Tsinghua University won the Best Paper + Time Test Award, Shandong University received an honorable mention, and the SIGIR 2024 awards were announced-AI-php.cn

Tsinghua University has outstanding results.

The 47th Association for Computing Machinery Conference on Information Retrieval (ACM SIGIR) will be held in Washington, DC, USA from July 14th to 18th, 2024. This conference is the top academic conference in the field of information retrieval.

Just now, the conference announced the Best Paper Award, Best Paper Runner-up, Best Paper Honorable Mention Award, and Time Test Award.

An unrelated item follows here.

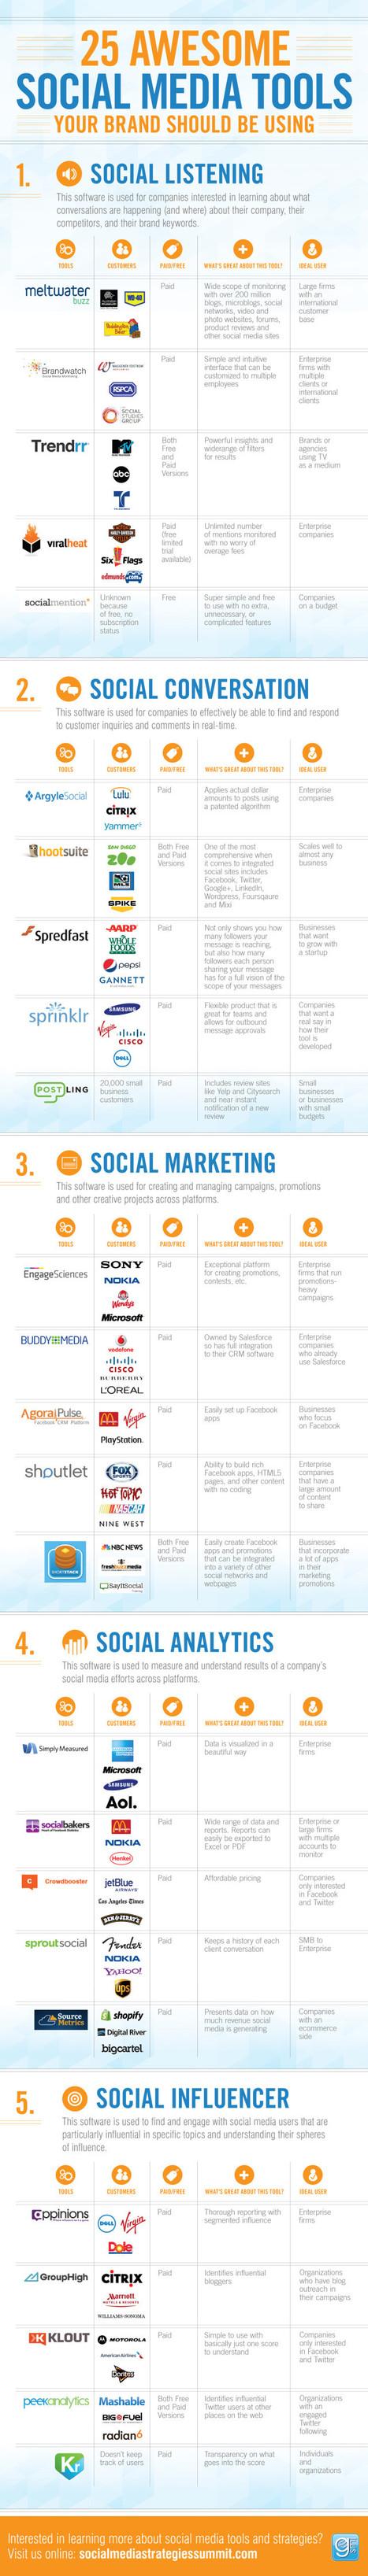 Infographic: 25 Awesome Social Media Tools - Marketing Technology Blog | #TheMarketingAutomationAlert | Digital Marketing | Scoop.it

Among them, Tsinghua University, Hillhouse School of Artificial Intelligence at Renmin University of China, and the Xiaohongshu team won the best paper; researchers from the University of Glasgow and the University of Pisa won the runner-up; the honorable mention award for the best paper was awarded to researchers from Shandong University (Qingdao), Leiden University, and the University of Amsterdam; the Time Test Award was awarded to researchers from Tsinghua University and the University of California, Santa Cruz.

Next, let’s look at the specific content of the winning paper.

Best paper

Paper: Scaling Laws For Dense Retrieval
Paper authors: Fang Yan, Jingtao Zhan, Ai Qingyao, Mao Jiaxin, Weihang Su, Jia Chen, Liu Yiqun
Institutions: Tsinghua University, Hillhouse School of Artificial Intelligence, Renmin University of China, Xiaohongshu
Paper link: https://dl.acm.org/doi/abs/10.1145/3626772.3657743

About the paper: Researchers have observed scaling laws across a wide range of tasks, especially language generation. Research shows that the performance of large language models follows predictable patterns across model and dataset sizes, which helps in designing training strategies effectively and efficiently, especially as large-scale training becomes increasingly resource-intensive. However, in dense retrieval, the expansion law has not been fully explored.

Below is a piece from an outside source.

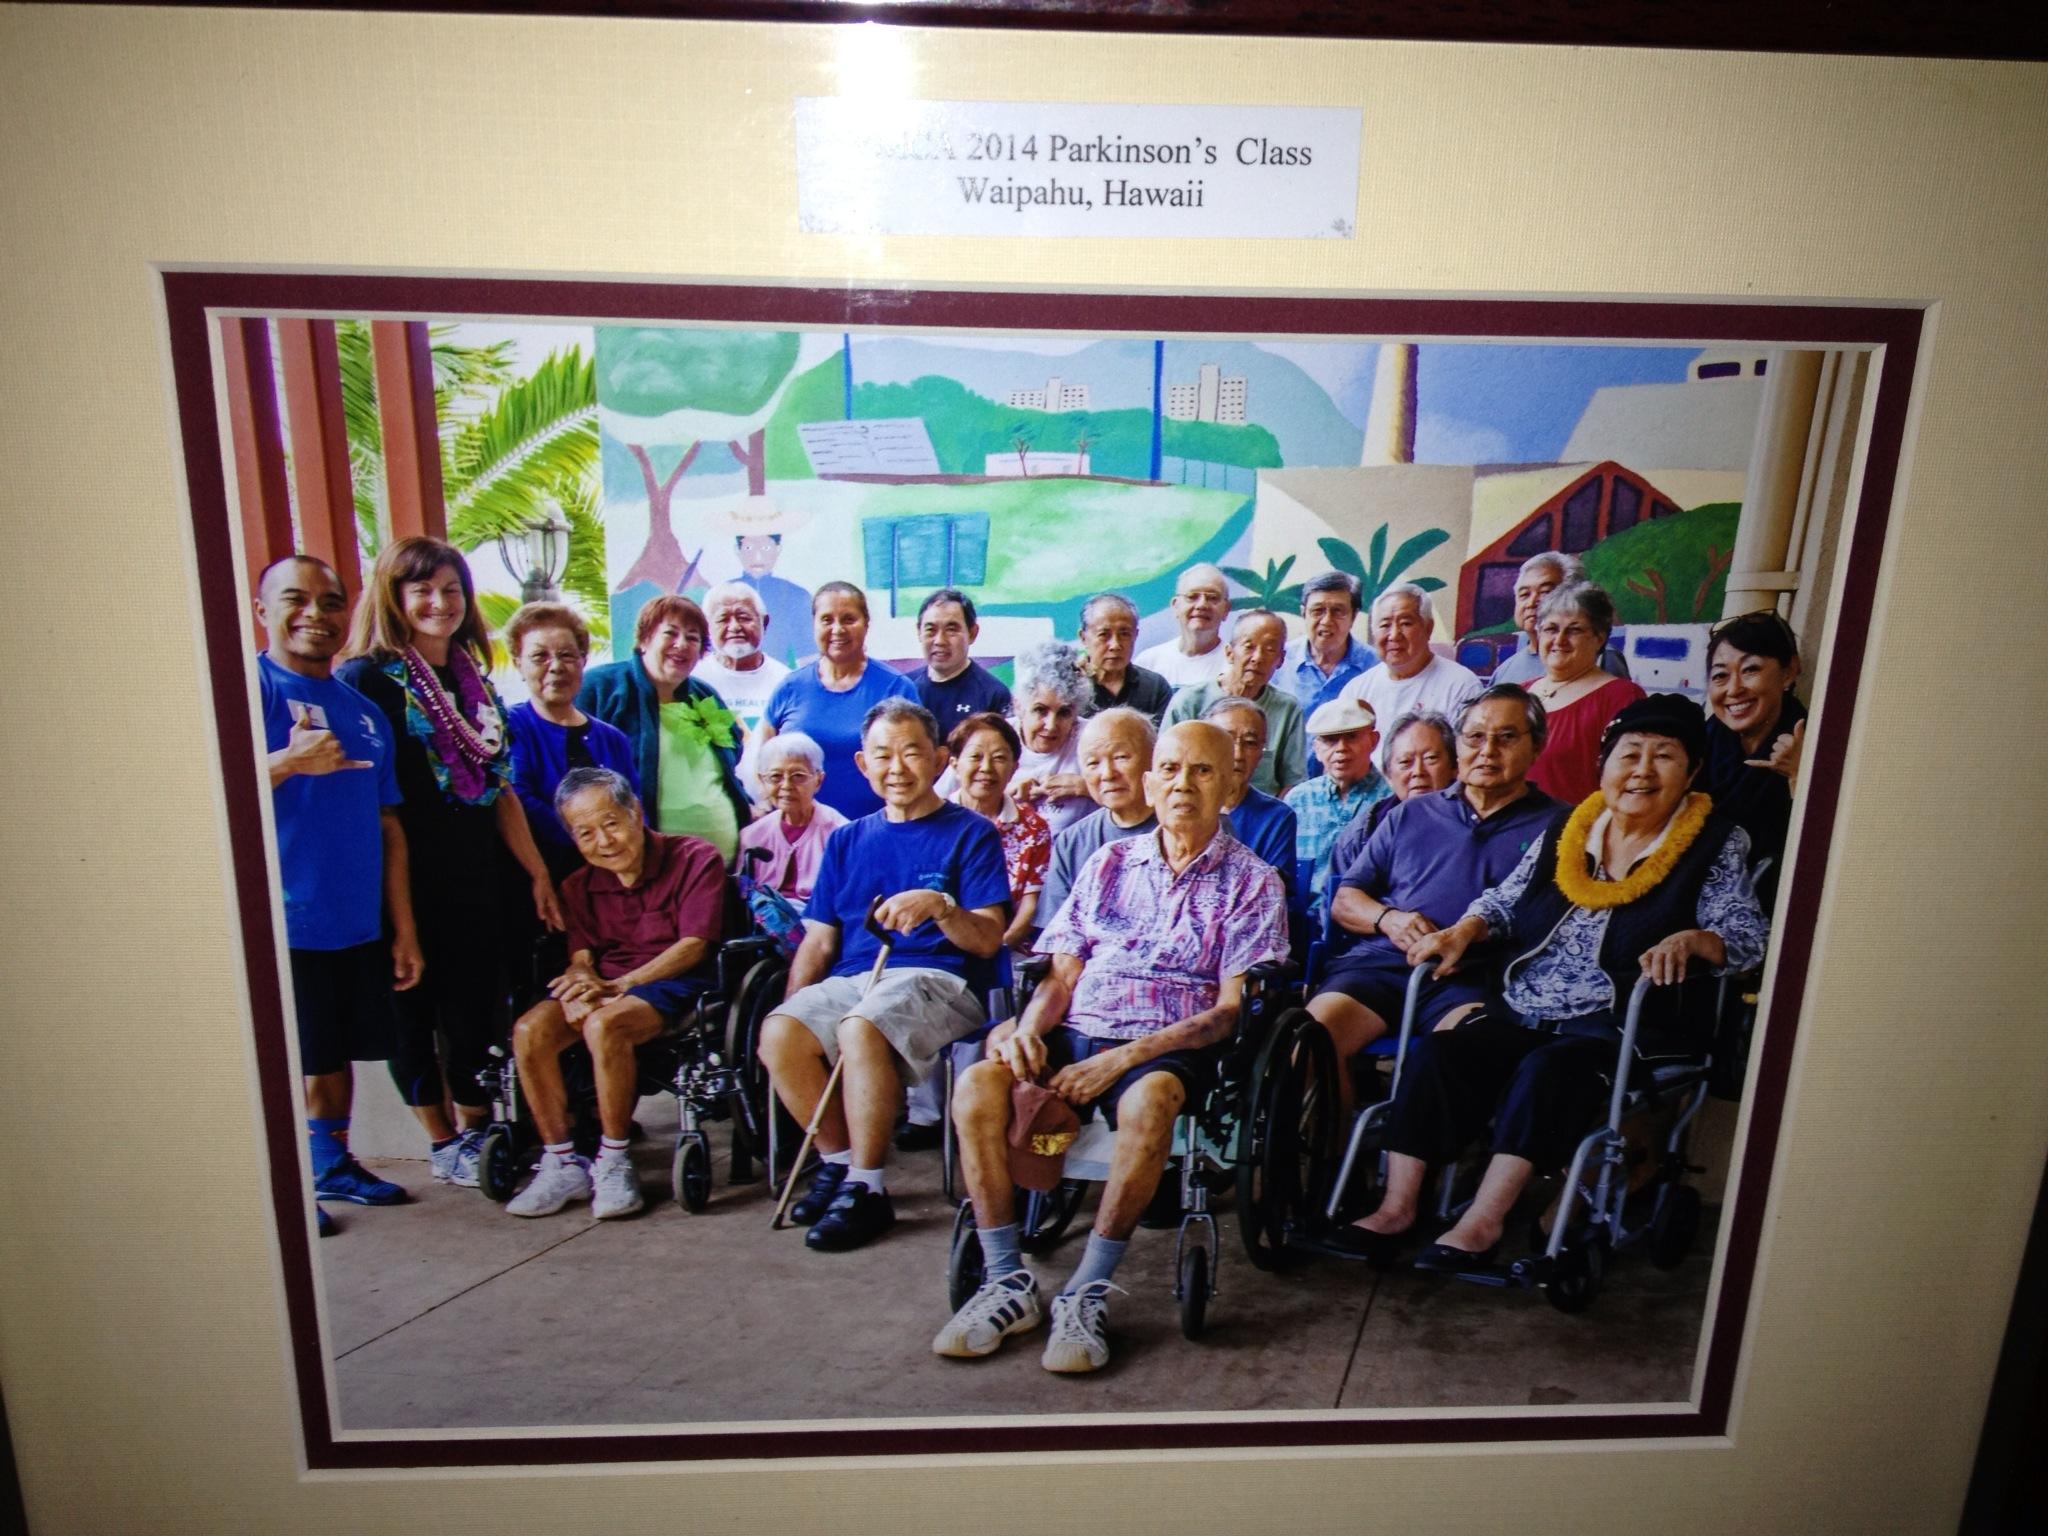 Parkinson's Class Waipahu, Hawaii

This study explores how scaling affects the performance of dense retrieval models. Specifically, the research team implemented dense retrieval models with different numbers of parameters and trained them using different amounts of annotated data. This study uses contrastive entropy as an evaluation metric. Compared with discrete ranking metrics, contrastive entropy is continuous and therefore can accurately reflect the performance of the model.

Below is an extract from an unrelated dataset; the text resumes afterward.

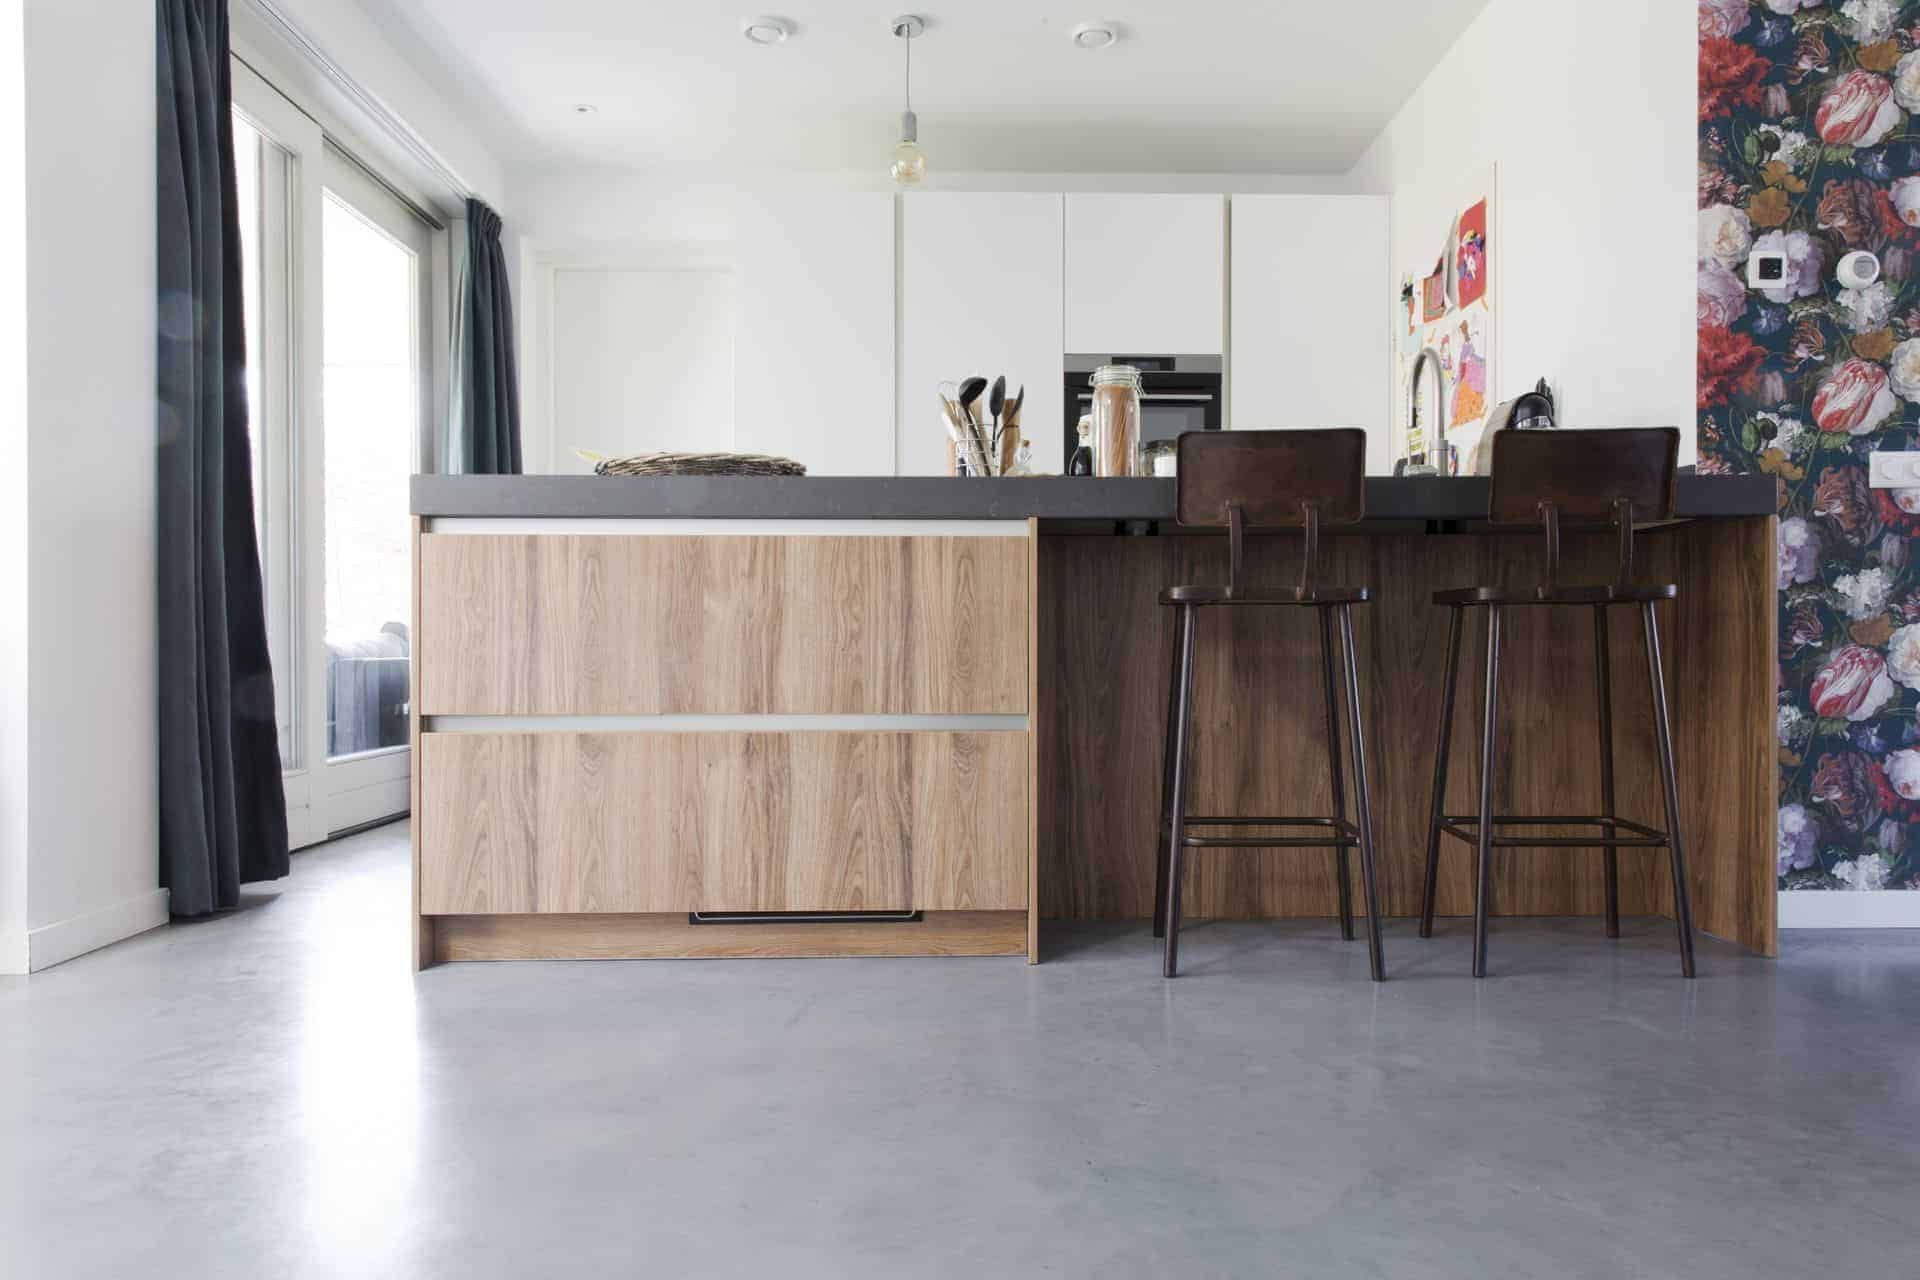 Woonbeton keuken, gevlinderd beton, gevlinderd betonvloer

Experimental results show that the performance of dense retrieval models follows an exact power-law scaling related to the model size and the number of annotations.

In addition, the study also shows that the expansion law helps optimize the training process, such as solving resource allocation problems under budget constraints.

This study greatly contributes to understanding the scaling effects of dense retrieval models and provides meaningful guidance for future research.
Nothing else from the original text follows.